Thursday, July 28, 2011

Half-way there - 28 lbs down

Wow, this is a slow process. It's taken me 5 whole months to lose 28 lbs, and I'm only halfway there. Maybe I should just say it differently in my mind, "Yay, I'm halfway there, only 5 more months to go!" Eh, that didn't work. When I want something I want it now, instant gratification, and unfortunately that is certainly not how healthy weight loss goes. I'm now starting to beat myself up over how I let myself get this big, and how could I think this weight was OK between my pregnancies. I now weigh 1 lb lighter than I was when I found out I was pregnant with Ellie. I am proud with how far I've come, but so mad at myself for letting it get this out of hand, I'm frustrated and motivated. But why can't I lose it faster, I just want to be at goal TODAY.

I often tell people that this is the hardest thing I've ever had to do, it takes will power and obedience, which I really have neither. I have no one yelling at me if I gain, or slapping a candy bar out of my hand, I am the complete owner of this "project" and the only one responsible for getting the "project" completed. It is so tempting to just give up, or tell myself I'm comfortable and happy, and that there's no need to continue.

On the flipside, this is the easiest thing I've ever had to do. Maybe I should clarify, it was the easiest decision I've ever had to make. The kids and my husband are my driving forces, I want to be healthy and active with them and for them.
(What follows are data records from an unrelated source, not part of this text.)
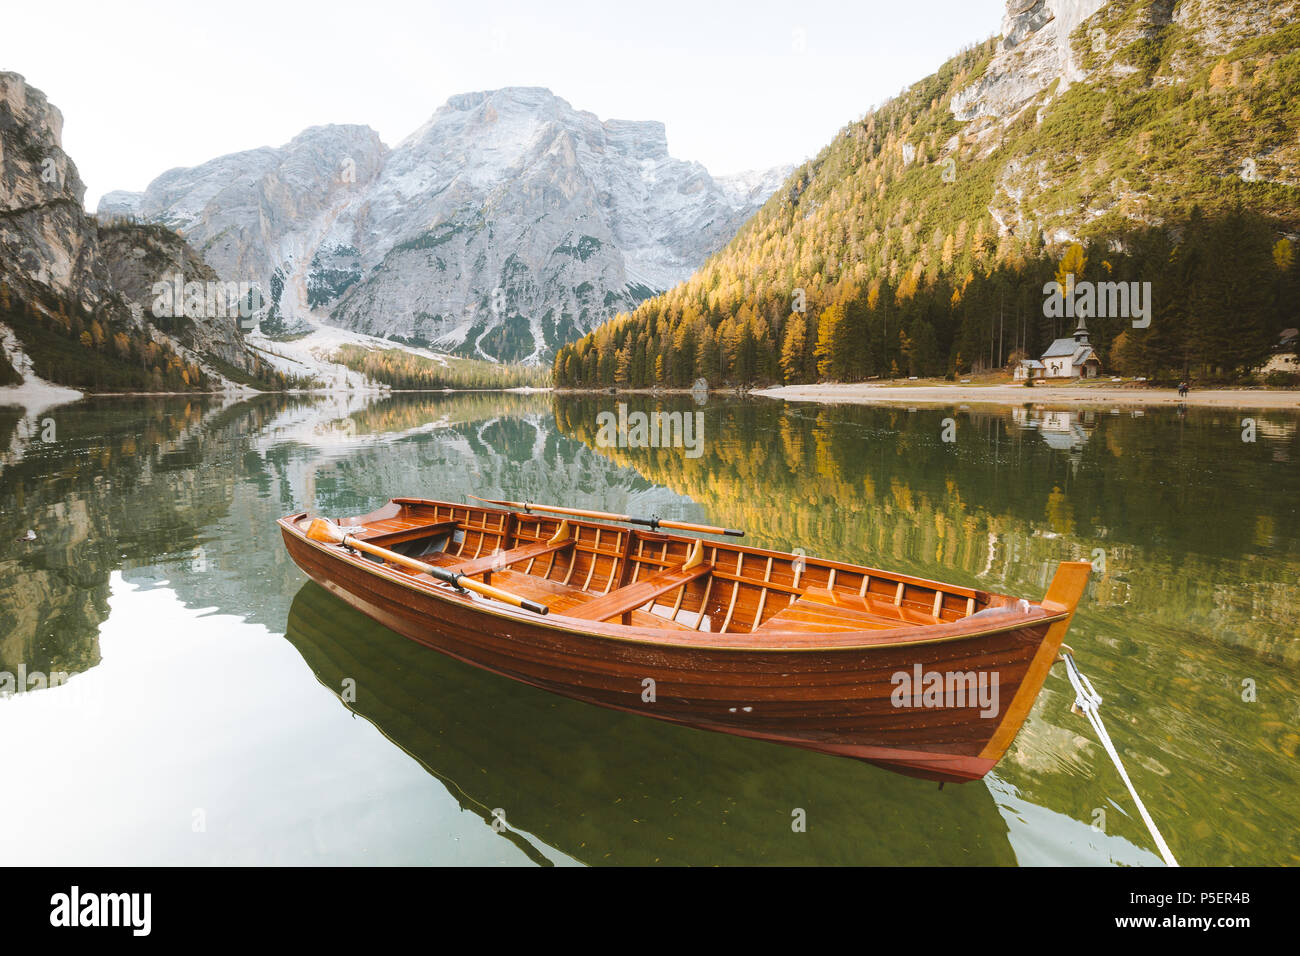 Wunderschöne Aussicht auf traditionellen hölzernen Ruderboot am malerischen Lago di Braies in den Dolomiten im malerischen Morgen bei Sonnenaufgang, Südtirol, Italien Stockfoto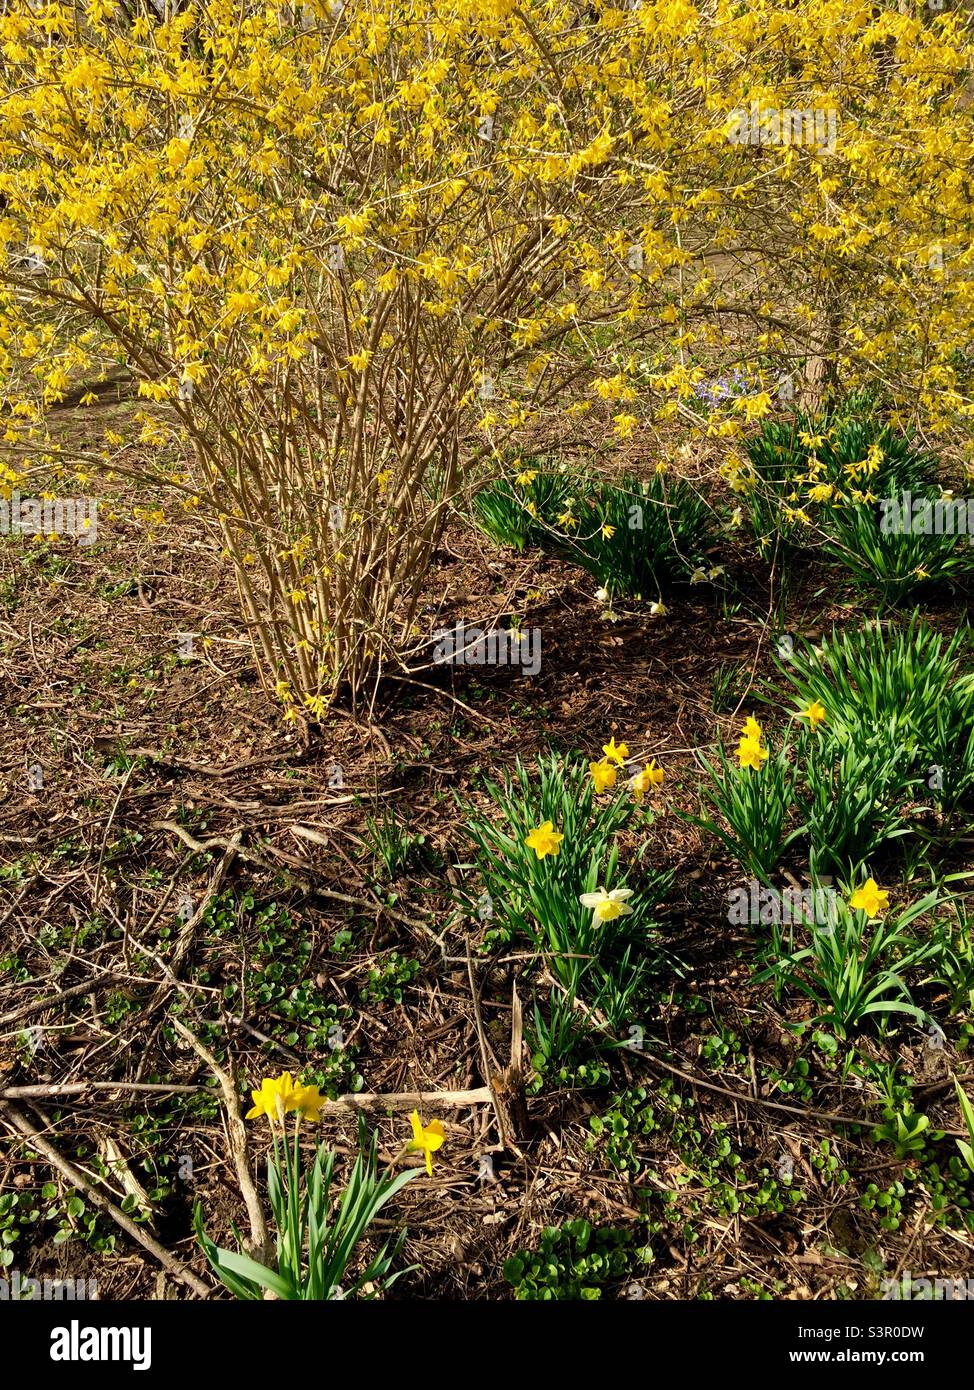 Jonquilles et forsythia, or jaune du début du printemps dans une zone sauvage, Ontario, Canada. Fraîcheur, nouveau début, un autre cycle. Banque D'Images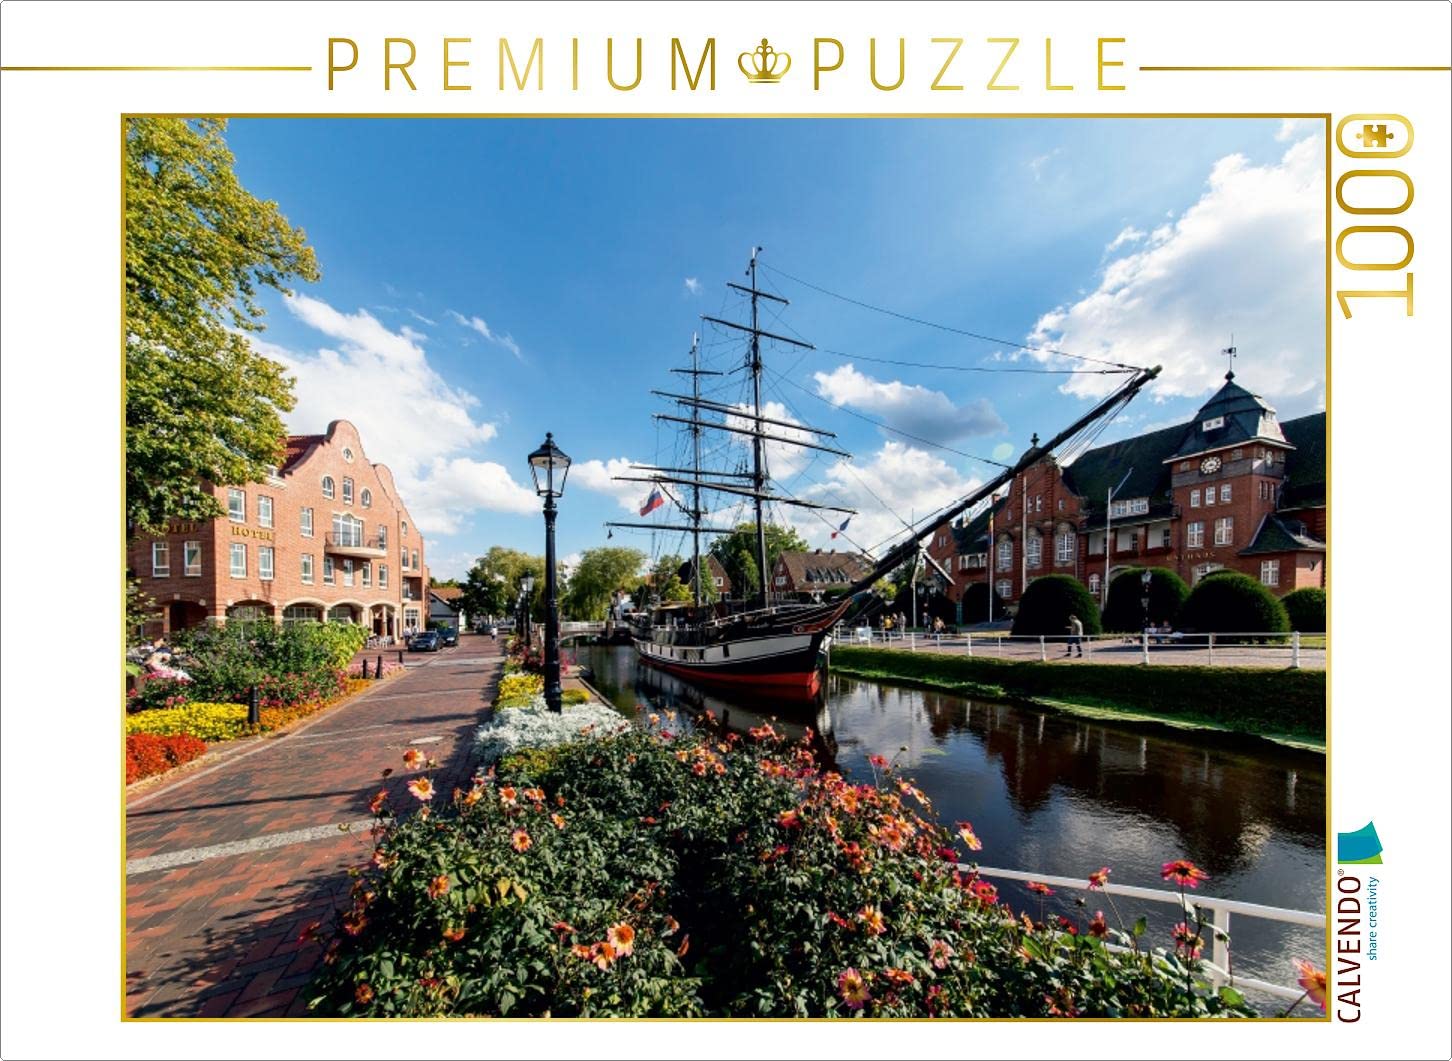 CALVENDO Puzzle Papenburg 1000 Teile Lege-Größe 64 x 48 cm Foto-Puzzle Bild von Andrea Dreegmeyer

We were in Myrtle Beach last week, and that was hard, but thank goodness we ate mostly seafood which is actually pretty WW friendly. I ate enough crab legs to last me 2 years, yum! Soooo good. And fortunately I only gained .5 lbs! YAY for me. And then lost 1.5 lbs this week, which was awesome, so essentially down a pound from 2 weeks ago.

On a side now, a really fun update: I got a new full-time job!!!!!! I start in 2 weeks! This is my first full-time job in over 3 years, and I am so so so excited! But as starting any new venture, I'm so nervous too, like the first day of school. If anyone wants filled in, don't hesitate to message me through FB. :)

Goodbye 190's, I will NOT miss you!

216/188/160

Monday, July 11, 2011

25 lbs!

Sorry about the hiatus! The last couple of weeks just escaped me!

So 1.5 weeks ago I hit 190.5, which means I've lost 25.5lbs!!! I'm so happy and proud of myself. I really thought I'd fall off the horse by now... and probably would have if I didn't have the support of my husband, family and friends... everyone has been so supportive and it really helps motivate me. This is a small victory in the still long road I have ahead of me, but I had to celebrate and boy did I over 4th of July weekend. Actually I celebrated a little too much! Last Thursday I was back up to 192... bummer. Crazy how 2 days can derail an entire week, it just shows you how finicky our bodies can be, again, I never went over my weekly points but that just means my body can't handle them and I really need to stay as close to my daily points as possible.

Next weigh-in is Thursday and I'm anxious to find out where I'm at. I've been "good" all week. A small preview, I weighed myself this morning and I was 189.5!!!! But my official weigh-in is Thursday, we'll see if I can hold strong and maybe even lost another pound or two from today!

I'm staying focused and keeping my eye on the ball... Geo's wedding in Sept and my trip to VEGAS with 7 girls friends the week after the wedding to celebrate my 30th Birthday!